O “Público” parece ter descoberto as questões relacionadas com mobilidade. Só é pena que, avaliando pelo suplmento da semana passada, esteja a servir-se dela para promover questões que com ela nada têm a ver, pelo menos diretamente.
Num primeiro artigo, anuncia-nos que “já compramos muitas bicicletas – para andar faltam as ciclovias”. Eu sou um defensor da criação de ciclovias em cidades congestionadas por trânsito automóvel (não necessariamente em lugares turísticos só para efeitos de recreio, como se vê agora). Mas, como utilizador quotidiano de bicicleta (sem ciclovias), não posso aceitar que um jornal “decida” que só com ciclovias é que se pode andar de bicicleta. Essa é uma decisão pessoal, que deve ser estimulada (e a criação de ciclovias onde se justifiquem é um bom estímulo), mas que não deve depender nem ficar à espera da criação das mesmas.
Mas o exemplo mais gritante da utilização das questões da mobilidade para fins políticos que lhe são alheios é esta entrevista onde se defende que “sem regionalização não haverá transportes públicos de qualidade”. Eu compreendo que uma rede integrada de transportes públicos extravasa as autarquias, que têm que atuar em rede de uma forma concertada. Mas o principal problema nos transportes públicos em Portugal é a dispersão de operadores – de empresas.
Só na cidade de Lisboa tem-se a Carris, o Metro e a CP. Na região de Lisboa acrescem a Fertagus e inúmeras operadoras municipais, todas elas representando entidades patronais distintas, praticando diferentes tarifários, com diferentes bilhetes. Poderia argumentar-se que se estas empresas fossem fundidas todas numa entidade regional, tudo funcionaria de uma forma muito mais integrada. Mas a regionalização não garantiria isso (no caso de Lisboa, Carris, Metro e CP andam muitas vezes de costas voltadas e são três empresas do estado – serem “regionalizadas” não resolveria por si nada se continuassem a ser três entidades independentes).
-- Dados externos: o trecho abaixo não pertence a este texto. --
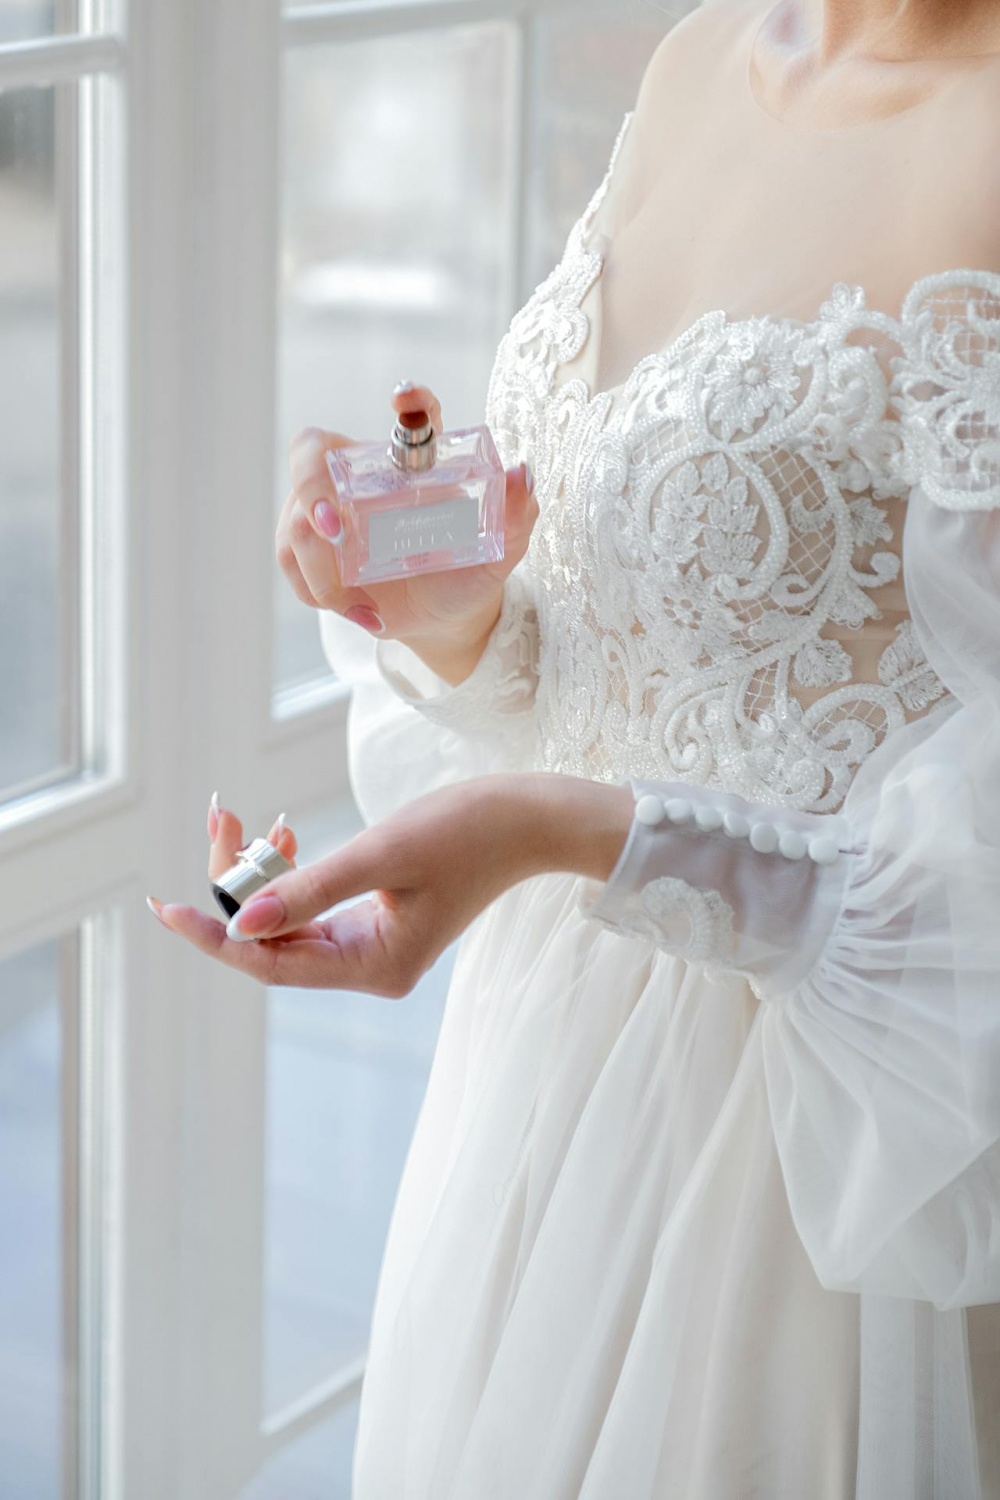 Top Wedding Season Fragrance Choices

Por outro lado, fundir estas empresas (no caso do Metro e da Carris) e colocá-las (com a CP Lisboa e todos os operadores municipais) sob a alçada de uma autoridade metropolitana de transportes (que poderia perfeitamente ser uma entidade supramunicipal) não implica regionalização nenhuma. Desde que houvesse um regime de tarifas (bilhetes e passes) compatível, a responsabilidade pela adequação da oferta, em cada município, poderia ser da responsabilidade da câmara respetiva. (No caso de Lisboa, a Carris e o Metro pertencem não à Câmara mas ao Estado, uma questão bem mais controversa. Mas a entrevista não a aborda.)
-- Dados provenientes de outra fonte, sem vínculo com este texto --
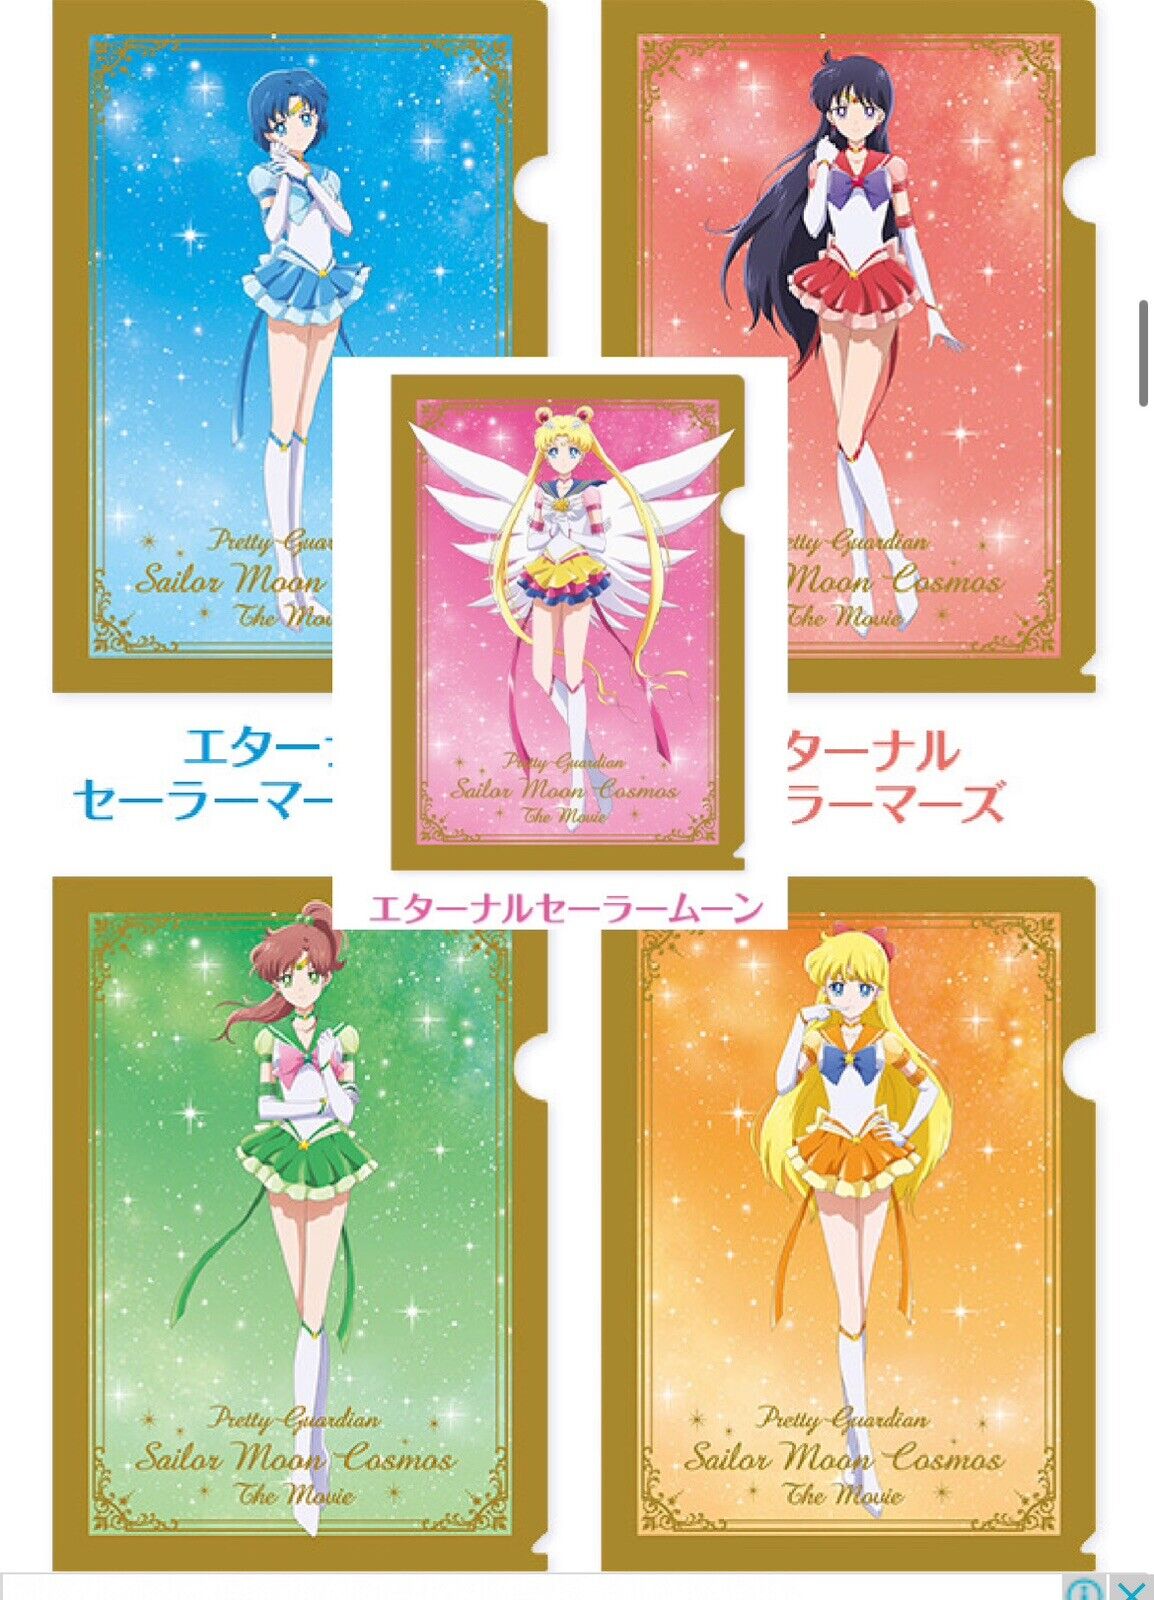 "Pretty Guardian: Sailor Moon Cosmos" The Movie A4 File Folder - Rosey’s Kawaii Shop

Tudo o que eu aqui disse também se aplica ao Porto, substituindo Carris por STCP, e a outras autarquias. Defender que só com a regionalização pode haver transportes públicos de qualidade, para além de um tiro no pé para quem quer defender os transportes públicos, parece-me uma enormíssima desonestidade política. A regionalização tem outras implicações profundas, e que nada têm a ver com transportes públicos.